But it is audio-visual technology—film and television—that has become the staple of the pornography industry, and no backwoods American village is complete without a late-night sex channel and a video store renting X-rated films. The big breakthrough, however, is virtual reality. In its infant stage a few years ago, virtual reality allowed the viewer to imagine he was having carnal intercourse with a woman who, in real life, would not let him buy her a drink, but we are a progressive people, and by 1993 it was possible to participate in a gang rape without leaving the safety and convenience of one’s own home.
Think about it. Your next-door neighbor’s teenage lout—the one who occasionally babysits for you—is staying up all night with his senses plugged into sex videos. To enhance the illusion, he may be smoking dope or snorting coke. Whatever is going on in his mind is, in this free Republic of ours, of no consequence since the right to see dirty movies was a primary concern of the Founding Fathers, who inserted the “freedom from censorship” clause into the Constitution. You can find it right after the part that says all men are created equal.

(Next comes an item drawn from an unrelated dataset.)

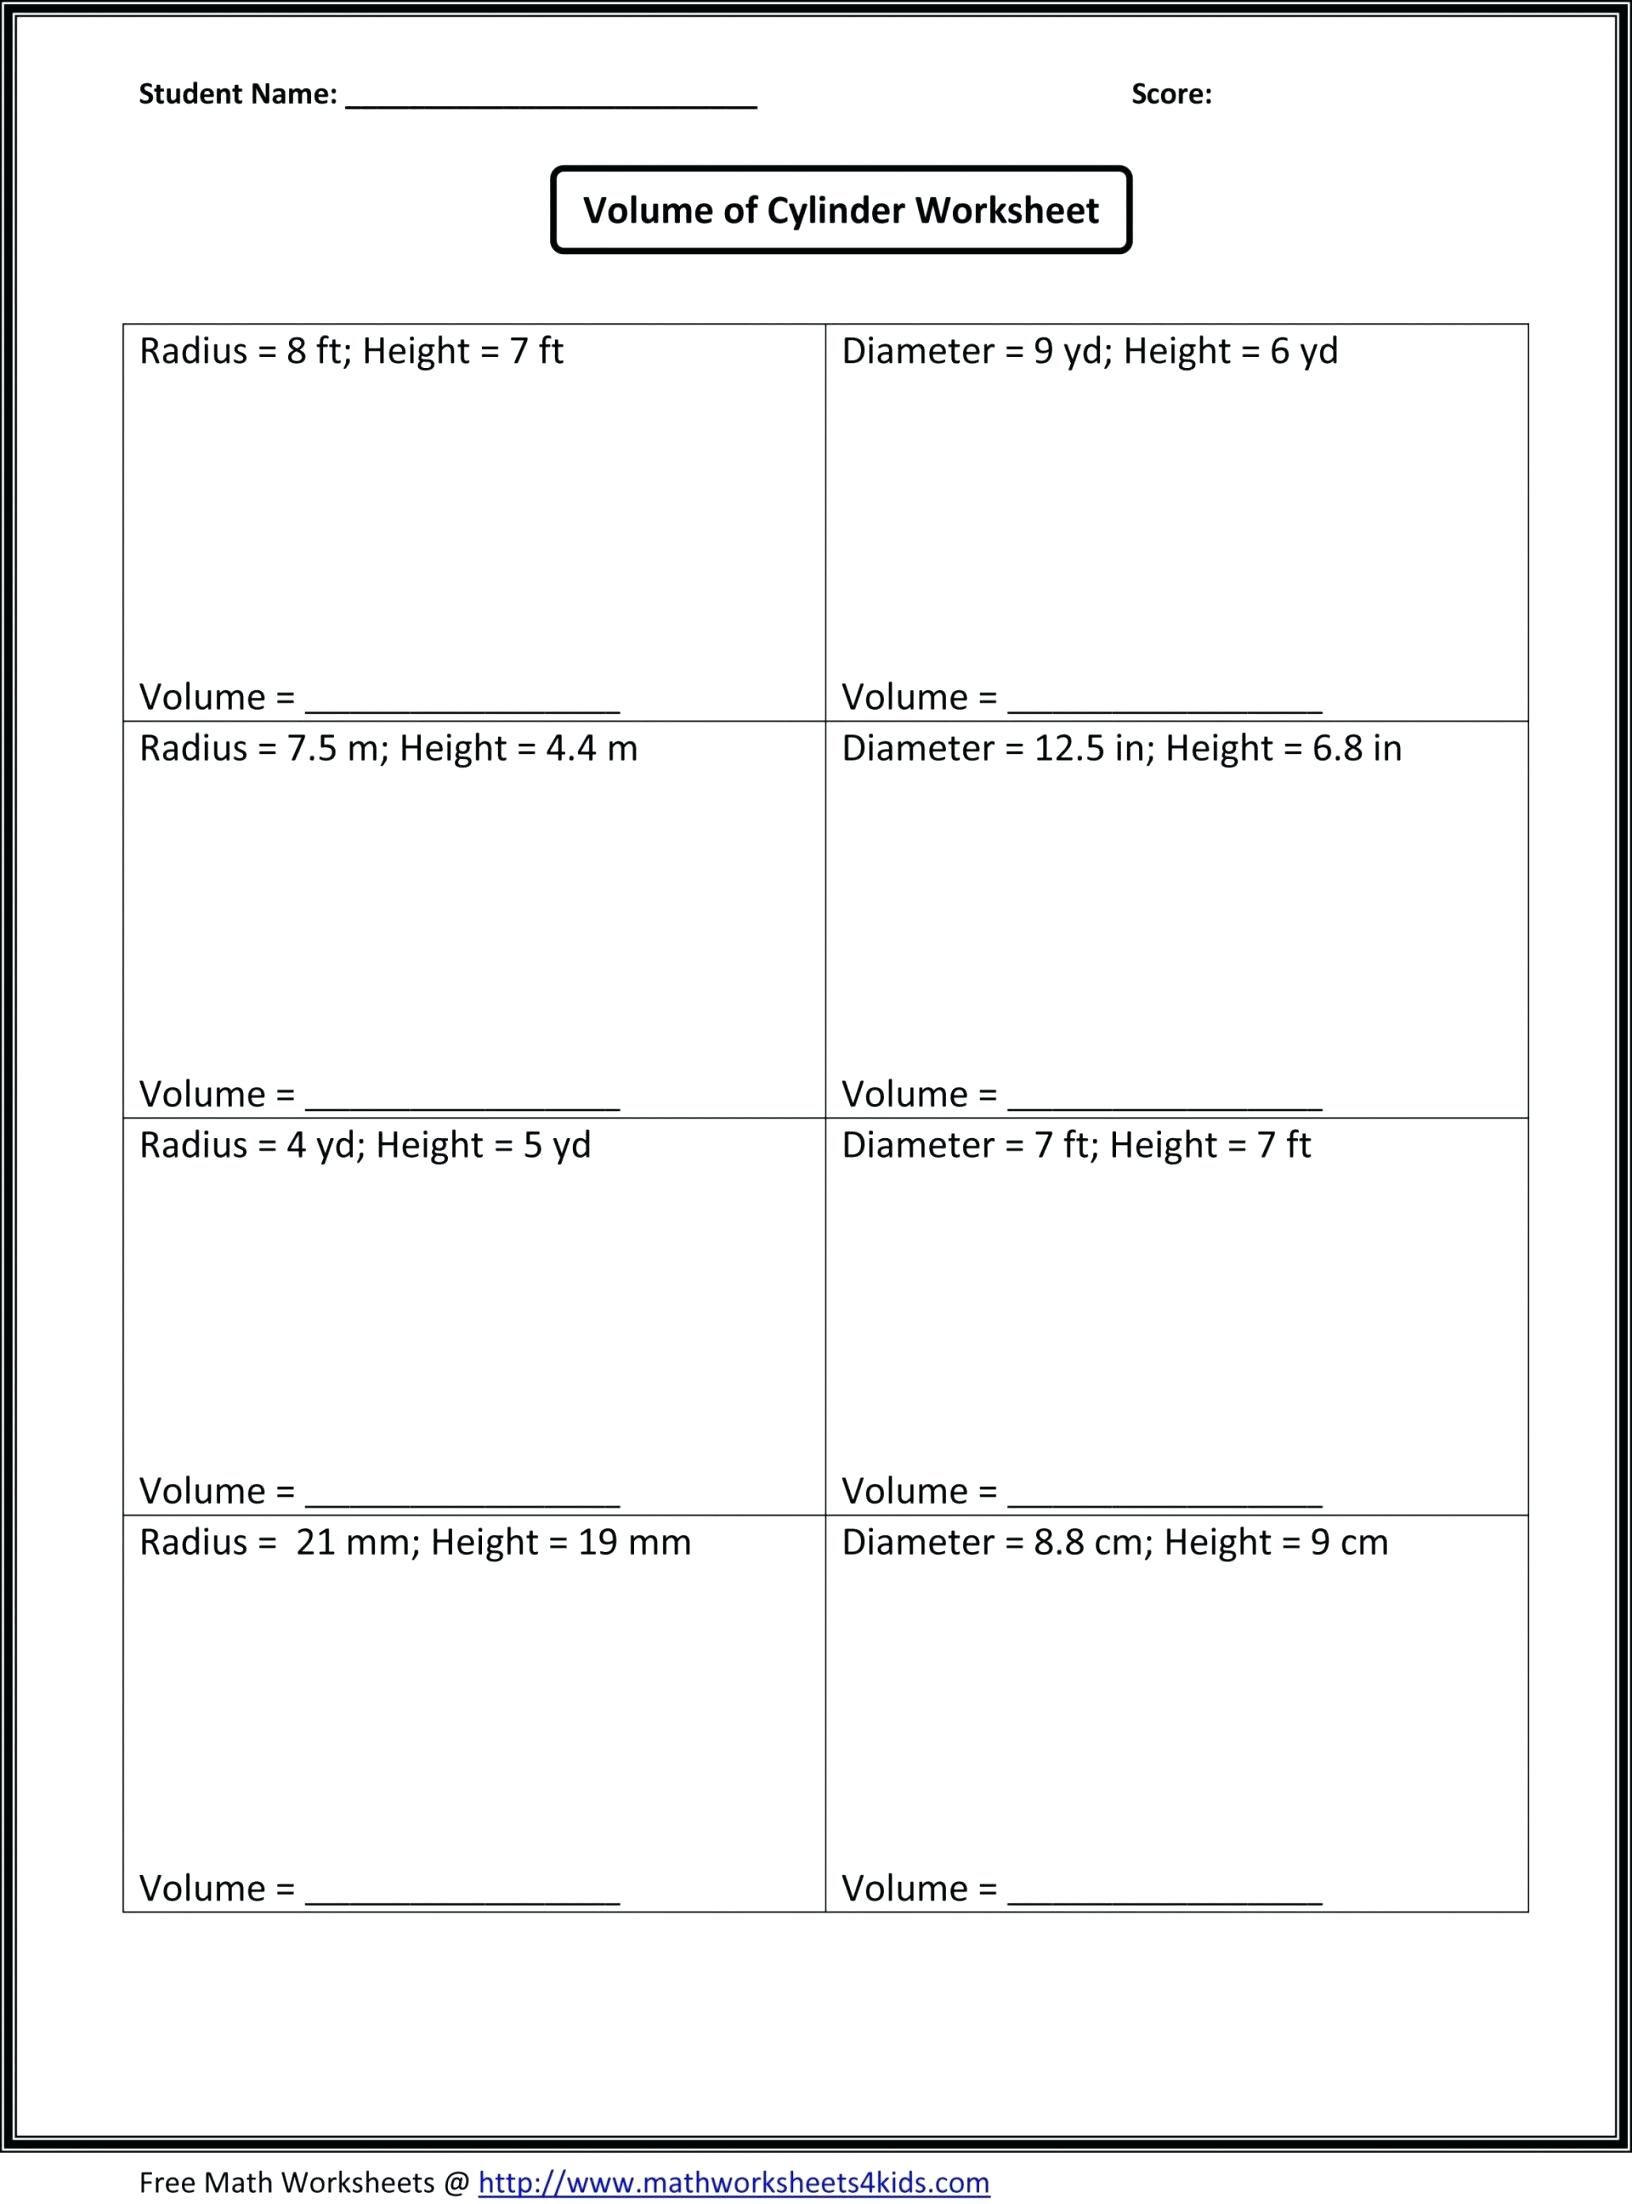 8Th Grade Math Problems With Answers Grade Math Worksheet Worksheets | Free Printable Math Worksheets For 7Th 8Th Graders

The constitutional right to perversity only stops at the point of coercion, and it is not too hard to imagine a day when women will have the right to be murdered for pay on SNUFF TV. “You don’t have to watch” is the inevitable answer, but to avoid perversity in the 1990’s would mean wearing earplugs and a blindfold most of the time. Curiosity is one of man’s defining qualities, and it is particularly strong in children, who could not escape the mercenary eroticism of our culture even if they tried. It is all around them and us, in the 7-Eleven stores, in the video parlors, and on cable channels. We cannot watch the evening news or pick up the Chicago Tribune or the poor benighted Rockford Register Star without learning the details of Michael Jackson’s relations with little boys or of the broomstick jugglery performed by high-school wrestling teams. What would once have been called hard-core pornography can now be seen in R-rated movies, and it is not at all difficult to get your hands on the kinds of pornographic materials people once had to order from France.
If we move from the would-be rapist’s bedroom, where he has his own computer, television, stereo system, and VCR, down to the family room to take a peek at what Mom and Dad are watching, we will not be too surprised at their son’s viewing habits. Many American families routinely rent films like Blue Velvet and Basic Instinct, and even if they do not allow their children to watch these films with them, kids always know what their parents are up to.
Let us suppose these are good Christian people who do not want to see Michael Douglas’s backside; they do, nonetheless, like to watch PC movies and network television. When the set is off, the men may look at Sports Illustrated, their wives at People. If future archaeologists were lucky enough to locate a fair sampling of this cultural stratum, they might conclude, erroneously, that they had struck upon a late 20th-century pornographer’s collection of exotica, while the truth is they had tunneled into the public library.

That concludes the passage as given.